Monday, 7 April 2008

Review of Hidden in Plain Sight by Adam Gooding

Hidden in Plain Sight – Rik Pinkcombe

Seventeen untitled images lead us through Rik Pinkcombe’s altered world “Hidden in Plain Sight”. It is a world full of questions with no intention of giving answers; a world where our perceptions are deliberately undermined; and, although hauntingly familiar, a world we cannot place within the realm we know as reality. As the title of the exhibition suggests, here lies a mystery within the ordinary.

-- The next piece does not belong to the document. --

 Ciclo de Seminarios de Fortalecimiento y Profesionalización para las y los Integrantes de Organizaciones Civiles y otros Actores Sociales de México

Pinkcombe is a master of manipulating perceptions, dictating and ultimately challenging the way we see our own world. In several of his pictures he uses a technique of leaving buildings and structures in crisp and clear focus, while blurring their surroundings. This unnatural contrast distorts out perceptions lending the images an artificial quality. Buildings appear as if models in miniature; toy towns with toy cars parked in front. We find ourselves almost unconsciously asking “is this real?” - A fundamental question with which Pinkcombe has intentionally burdened us.

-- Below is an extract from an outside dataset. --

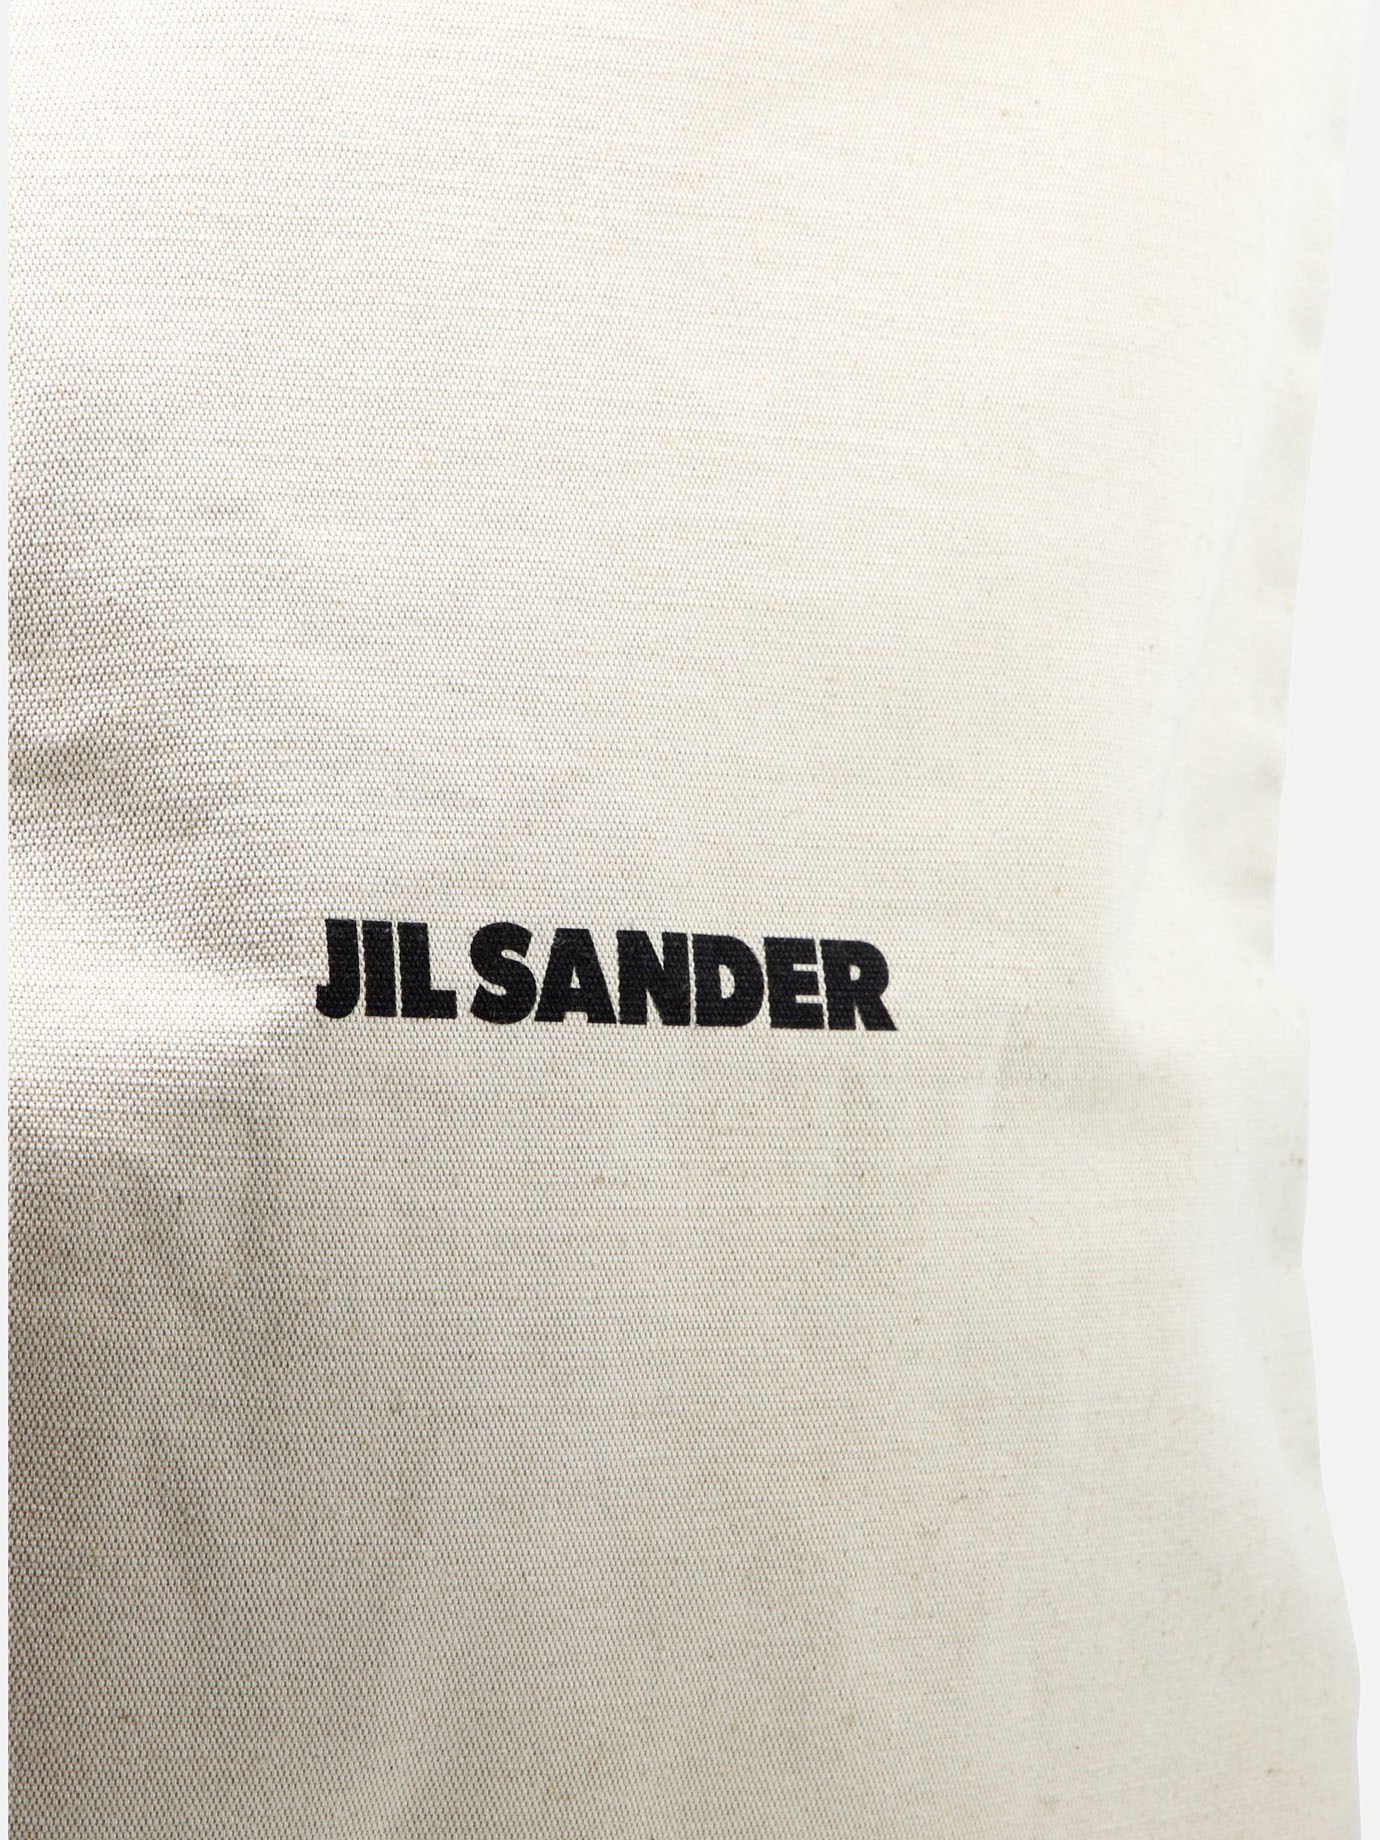  Large  shoulder bag by Jil Sander

His more recent images capture isolated structures surrounded in a sea of darkness. Taken out of context, their isolation creates a similar sense of artificiality. Lit up as if from a spot light, it is as if they have become pieces of scenery for a stage. It could easily be believed that the parking ticket machine without its car park had been found in a television studio. While miniature models and stage scenery make the unreal seem real, here Pinkcombe has made the real seem unreal.
Each picture subtly removes us further from a normal perspective so that we are in a position to face pictures of a starkly realistic nature in a new light. We find ourselves studying a bus stop, a fire escape or a dilapidated house, far more intently than had we passed them in the street. Pinkcombe has indeed manipulated the focus of his lens and also the focus of his audience, elevating the once mundane and dull to the centre of our attention, where we find ourselves asking further questions about the nature of these images.

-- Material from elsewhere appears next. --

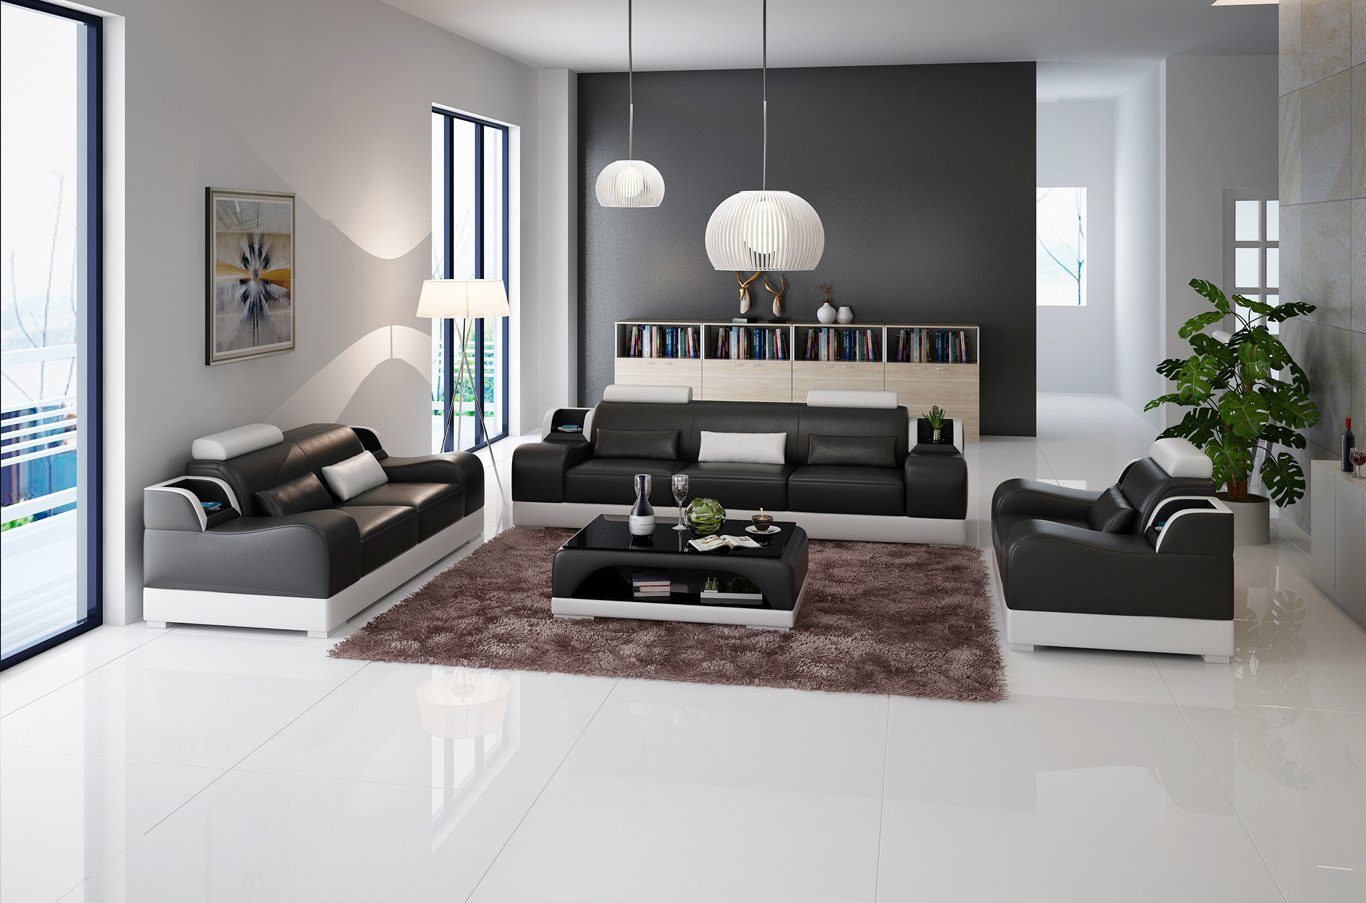 Neu, Sofa Sitzer Made Modern Set Luxus Europe Couchen JVmoebel Design Sofa Couch Schwarz/Weiß 3+2+2 in Polster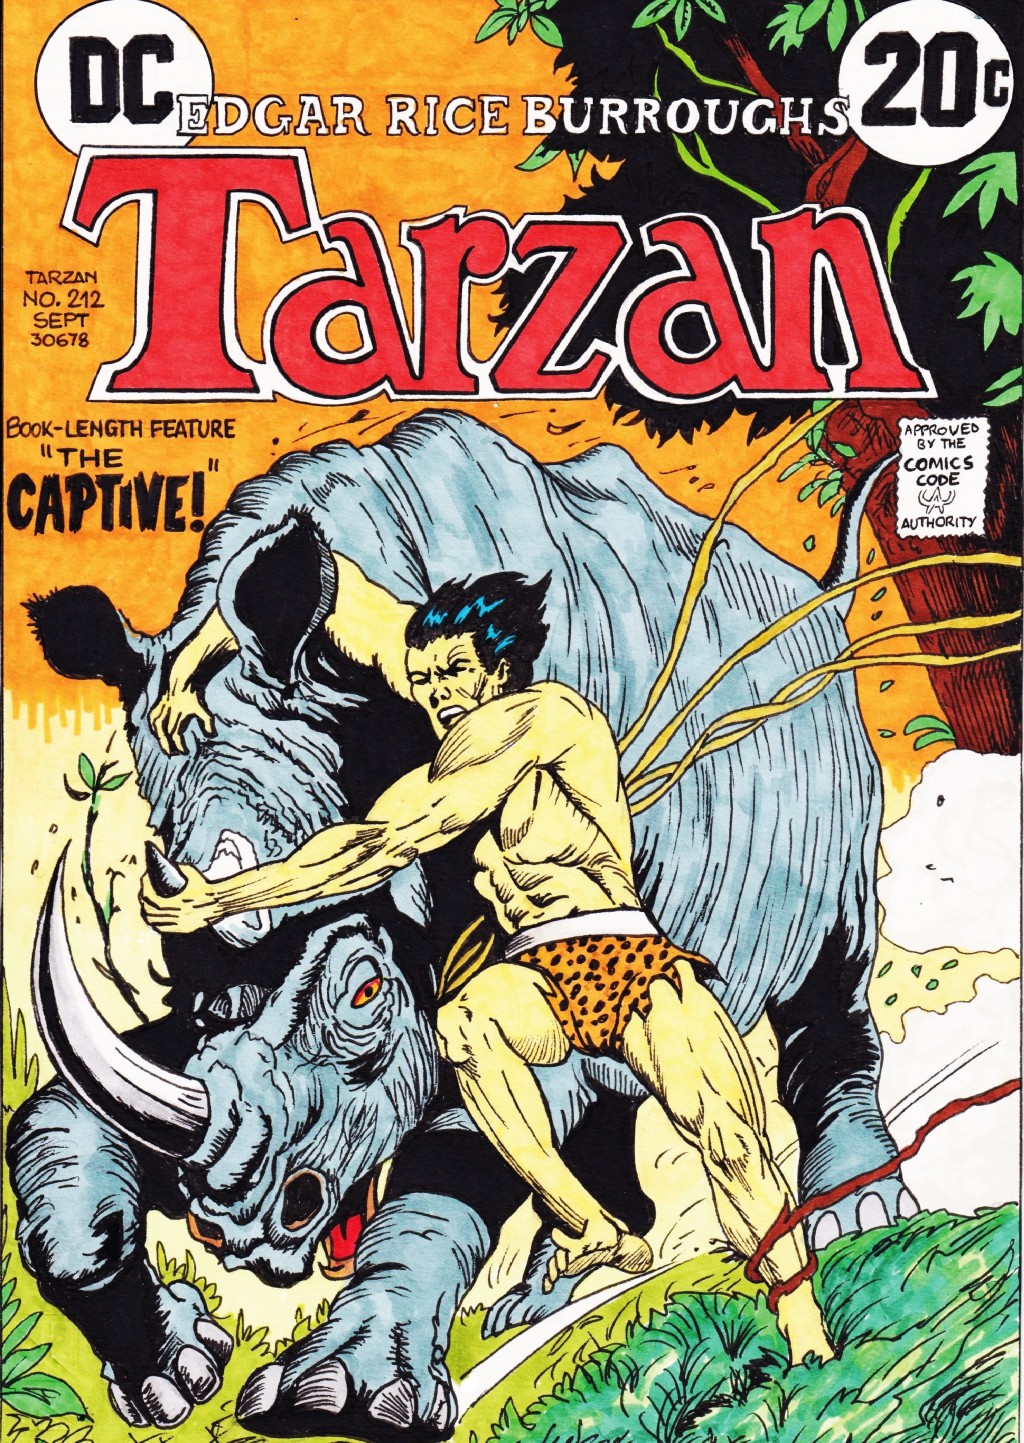 Tarzan: “The Captive!”

However, we are denied any information behind them. Even images of snow give us no clue as to what we are looking at, adding to the distance between ourselves and reality. Each untitled, we find ourselves in an anonymous world. Further emphasised by the absence of any individuals, the loss of identity is striking, whilst being presented with overt images of the impact of human civilisation. But where are the actors on this stage and where are the puppets in this toy town? Of course it is us and we are asked do we want to perform?
The artificiality of the world we have created for ourselves is suggested through Pinkcombe’s work where the man-made is so often set against the might of nature with disturbing consequences. The construction of a tiny city skyline beneath the vast sky seems an almost humorously pointless endeavour let alone the banality of a ticket machine or the travesty of a pile of tyres beneath a tree. We are forced to question our role within this world aided by the ability to look at reality through a changed perception.
Pinkcomb’es vision becomes most apparent in his triptych depicting the border of Mexico and the USA at night. It is taken from a large distance away reflecting the removed perspective he has created throughout the entire exhibition. From here we see clearest the crater humanity has made on the earth and itself through the scar on the landscape of the border. A self imposed boundary. A man-made division. The mass of lights and buildings and roads is intensely claustrophobic creating a great sense of pressure; a world about to burst at the seams. These three images suggest international unease, racial tension and all the stresses of living in this toy town we have made for ourselves. The loss of identity is felt most strong in these pictures, just a mass of people living and working together. The individual becomes lost as we see the human race from a removed perspective.
Despite the strangeness and uneasiness surrounding these images the most important point is that they are depictions of the real world. They are an opportunity to see from the artist’s point of view and look through the eyes of Rik Pinkcombe. We are looking directly at our world yet the esoteric implications of the title should urge us to look at ourselves. In this artificial world, how real are you?